Entrusting the needs of migrants and refugees to the maternal concern of Mary, the pope led the crowd in reciting a traditional Marian prayer: "Under thy protection we seek refuge, holy Mother of God; despise not our petitions in our needs, but from all dangers deliver us always, Virgin, Glorious and Blessed."

Pope Francis had begun the day celebrating Mass in St. Peter's Basilica for the Marian feast, which he said was a celebration of "a magnificent truth about God and about ourselves: From the moment that our Lord became incarnate in Mary, and for all time, he took on our humanity."

"To call Mary the mother of God reminds us," he said, that "God is close to humanity, even as a child is close to the mother who bears him in her womb."

God becoming human in the baby Jesus, the pope said, is an affirmation that human life "is precious and sacred to the Lord," so "to serve human life is to serve God."

"All life, from life in the mother's womb to that of the elderly, the suffering and the sick, and to that of the troublesome and even repellent, is to be welcomed, loved and helped," he said.

Pope Francis also drew people's attention to the fact that in the Gospel stories of Jesus' birth, Mary is silent. And the newborn Jesus, obviously, cannot speak.

"We need to remain silent as we gaze upon the crib," he said. "Pondering the crib, we discover anew that we are loved; we savor the real meaning of life. As we look on in silence, we let Jesus speak to our heart.

"May His lowliness lay low our pride; His poverty challenge our pomp; His tender love touch our hardened hearts," the pope prayed.

Celebrating evening prayer Dec. 31 and offering thanks to God for the year that was ending, Pope Francis gave a special acknowledgement to people — especially parents and teachers — who are "artisans of the common good," working to help their families, neighbors and communities each day without fanfare.

But, he said, people also must acknowledge that God gave humanity the year 2017 "whole and sound," yet "we human beings have in many ways wasted and wounded it with works of death, with lies and injustices. Wars are the flagrant sign of this backsliding and absurd pride. But so are all the small and great offenses against life, truth and solidarity, which cause multiple forms of human, social and environmental degradation."

Pope prints postcard illustrating the horror of war

By Catholic News Service

VATICAN CITY — As 2017 drew to a close, the horrors of war and people's yearnings for peace were on Pope Francis' mind and in his prayers.

In an unusual move late Dec. 30, the pope had the Vatican press office and Vatican media distribute a copy of a famous photograph from the aftermath of the atomic bombing of Nagasaki.

The photo shows a young boy, about 10 years old, carrying his dead little brother on his back. The boy is taking his brother to be cremated.

On the back of the card, Pope Francis wrote, "The fruit of war" and signed his name.
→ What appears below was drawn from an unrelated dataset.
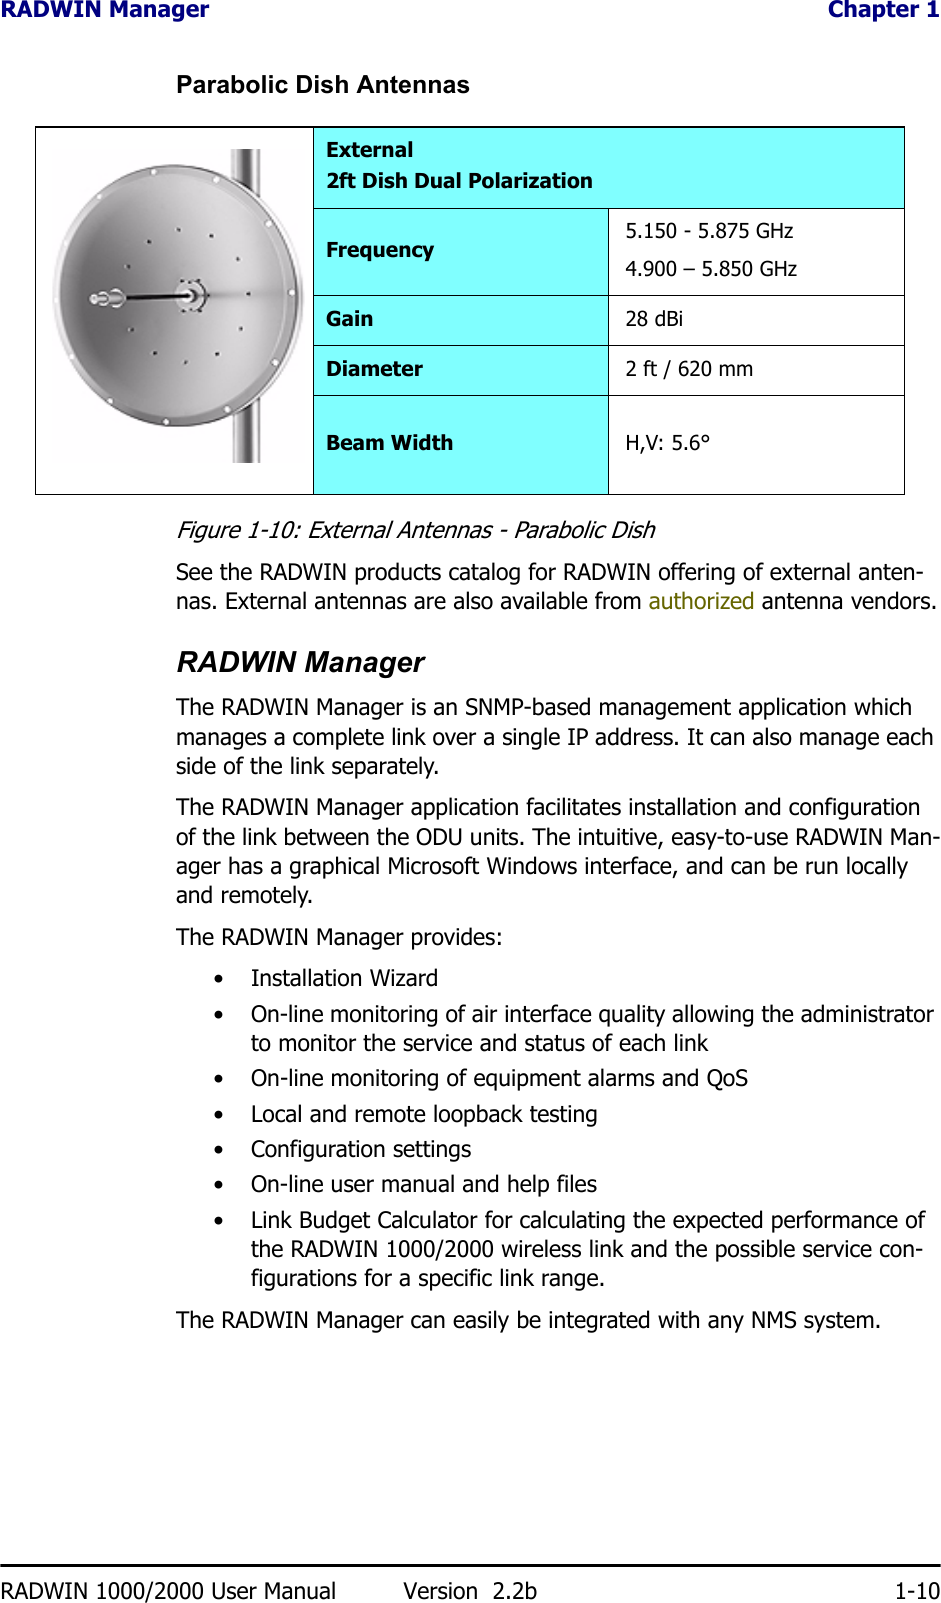 RADWIN Manager  Chapter 1RADWIN 1000/2000 User Manual Version  2.2b 1-10Parabolic Dish AntennasFigure 1-10: External Antennas - Parabolic DishSee the RADWIN products catalog for RADWIN offering of external anten-nas. External antennas are also available from authorized antenna vendors.RADWIN ManagerThe RADWIN Manager is an SNMP-based management application which manages a complete link over a single IP address. It can also manage each side of the link separately.The RADWIN Manager application facilitates installation and configuration of the link between the ODU units. The intuitive, easy-to-use RADWIN Man-ager has a graphical Microsoft Windows interface, and can be run locally and remotely. The RADWIN Manager provides:• Installation Wizard• On-line monitoring of air interface quality allowing the administrator to monitor the service and status of each link• On-line monitoring of equipment alarms and QoS• Local and remote loopback testing• Configuration settings• On-line user manual and help files• Link Budget Calculator for calculating the expected performance of the RADWIN 1000/2000 wireless link and the possible service con-figurations for a specific link range.The RADWIN Manager can easily be integrated with any NMS system.External2ft Dish Dual PolarizationFrequency 5.150 - 5.875 GHz4.900 – 5.850 GHzGain 28 dBiDiameter 2 ft / 620 mmBeam Width H,V: 5.6°

Below his signature, the pope explained that the photo was taken by U.S. Marine Corps photographer Joseph Roger O'Donnell. After the bombs were dropped on Hiroshima and Nagasaki in 1945, O'Donnell was assigned to document the scenes.

"The sadness of the child is expressed only by his lips, bitten and oozing blood," the pope wrote.

The Vatican newspaper, L'Osservatore Romano, printed a copy of the photograph and pope's explanation on the back page of its edition for Jan. 1, the Catholic Church's World Peace Day.